Response to Demovictory9 (Original post)
11 Bravo This message was self-deleted by its author.
El Supremo
(20,365 posts)(I don't subscribe to The NYT.) It was my favorite.
Docreed2003
(16,858 posts)Roisin Ni Fiachra
(2,574 posts)WarGamer
(12,444 posts)A+++
tishaLA
(14,176 posts)They're so beautifully written that their prose feels poetic.
lpbk2713
(42,757 posts)Papa is my favorite author as well.
WarGamer
(12,444 posts)I was kinda' afraid to say it because he isn't "proper" in the 21st Century for many...
Withywindle
(9,988 posts)I can give a nerdy quibble though: The Lord of the Rings is not a true trilogy, never has been, never was meant to be. It was divided into three volumes because of post-war paper rationing in the UK in the 1950s (and concern that something so long was a huge risk if it didn't sell).
Publishers and filmmakers have kept the tradition of treating it like one, but it's one continuous story, so it makes no sense to pick just the first third of it.
Anyway Jan 3rd is good ol' JRRT's birthday so raise your glass to The Professor!
WarGamer
(12,444 posts)But one thing I will say...
TKAM only finished in 1st because it's read by a large segment of the population in High School.
Great book... but not top 5 or 10 material.
Back to defining GREAT.
GREAT as in an author who paints the most vivid picture on a page?? Where you can smell the dust as in Steinbeck or see the words written by Hemingway?
Or GREAT meaning a story told by someone of such impact and life experience like Nelson Mandela and "Long walk to freedom"?

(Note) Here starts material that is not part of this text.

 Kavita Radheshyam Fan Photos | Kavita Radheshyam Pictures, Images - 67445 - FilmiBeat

Or GREAT meaning a book written that impacted the MOST people, like Marx's "Communist Manifesto"??
Anne Frank?
Wealth of Nations?
The Republic?
Darwin, "On the Origins..."?
"The Tattooist of Auschwitz"??
"Night" by Wiesel??
So, TKAM the greatest book ever?
Hardly.
Maybe the "widest read"??
Demovictory9
(32,456 posts)Accurate method wpuld be voting by only those who read every book
muriel_volestrangler
(101,316 posts)While the Holocaust books you mention are obviously real, they're a record of what happened in a situation you hope will never occur again. TKAM is about racism and community in a setting that has continuing relevance to an American readership.
WarGamer
(12,444 posts)But it is far from top 10 material
First Speaker
(4,858 posts)Fiction:
1. The Great Gatsby
2. The Lord of the Rings.
3. The Complete Sherlock Holmes. (Technically, this goes back to 1887.)

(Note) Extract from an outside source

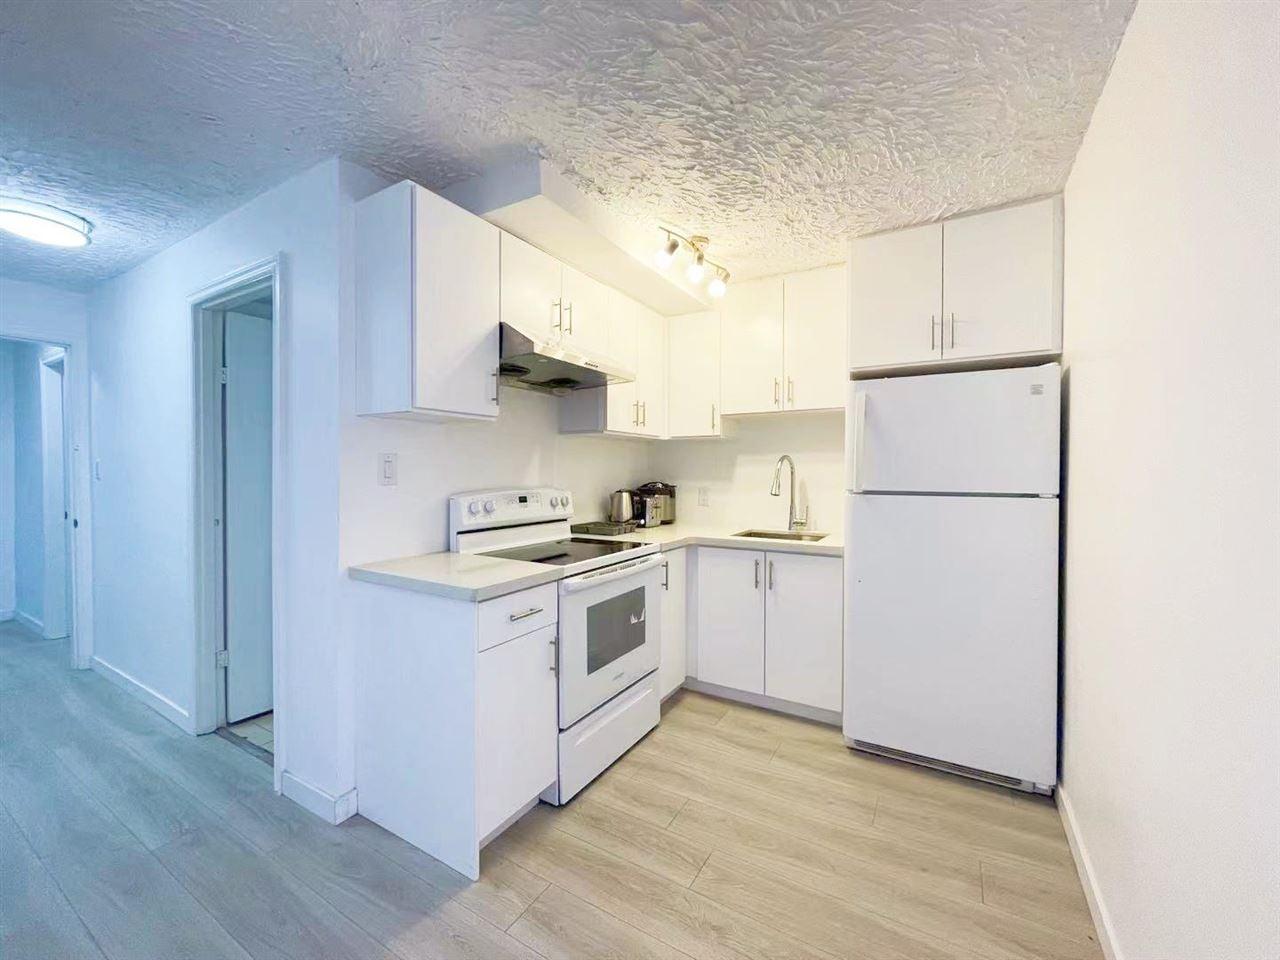 8991 ST. ALBANS ROAD - Garden City 1/2 Duplex for sale, 5 Bedrooms (R2576083) - #16

4. Invisible Man. (Ellison, not Wells.)
5. Foundation Trilogy.
Non-Fiction:
1. Winston Churchill, The Second World War
2. Charles Galton Darwin, The Next Million Years
3. Prefaces, H. L. Mencken
4. Explaining Hitler, Ron Rosenbaum
5. Lawrence Ritter, The Glory of Their Times
betsuni
(25,519 posts)"Tropic of Cancer" Henry Miller
"The Diaries of Anais Nin 1931-1934"
"Gentlemen Prefer Blondes" Anita Loos
"The Great Gatsby" F. Scott Fitzgerald
"Nausea" Jean-Paul Sartre
"Leaving Home" Garrison Keillor
"Dandelion Wine" Ray Bradbury
"A Moveable Feast" Ernest Hemingway
"The Philosophy of Andy Warhol"
Collected works of M.F.K. Fisher
"The Autobiography of Alice B. Toklas" Gertrude Stein
Straw Man
(6,624 posts)Last edited Tue Jan 4, 2022, 09:23 PM - Edit history (1)
... with The Fellowship of the Ring, because that's one third of a book. Tolkien wrote the Lord of the Rings "trilogy" as one book, and it was split up by his publishers.
Emile
(22,741 posts)brooklynite
(94,561 posts)Other than Shakespeare or Sherlock Holmes, most people havent read many booked more than 100 years old.
pecosbob
(7,538 posts)lame54
(35,290 posts)950 pages - "That's it? I want more."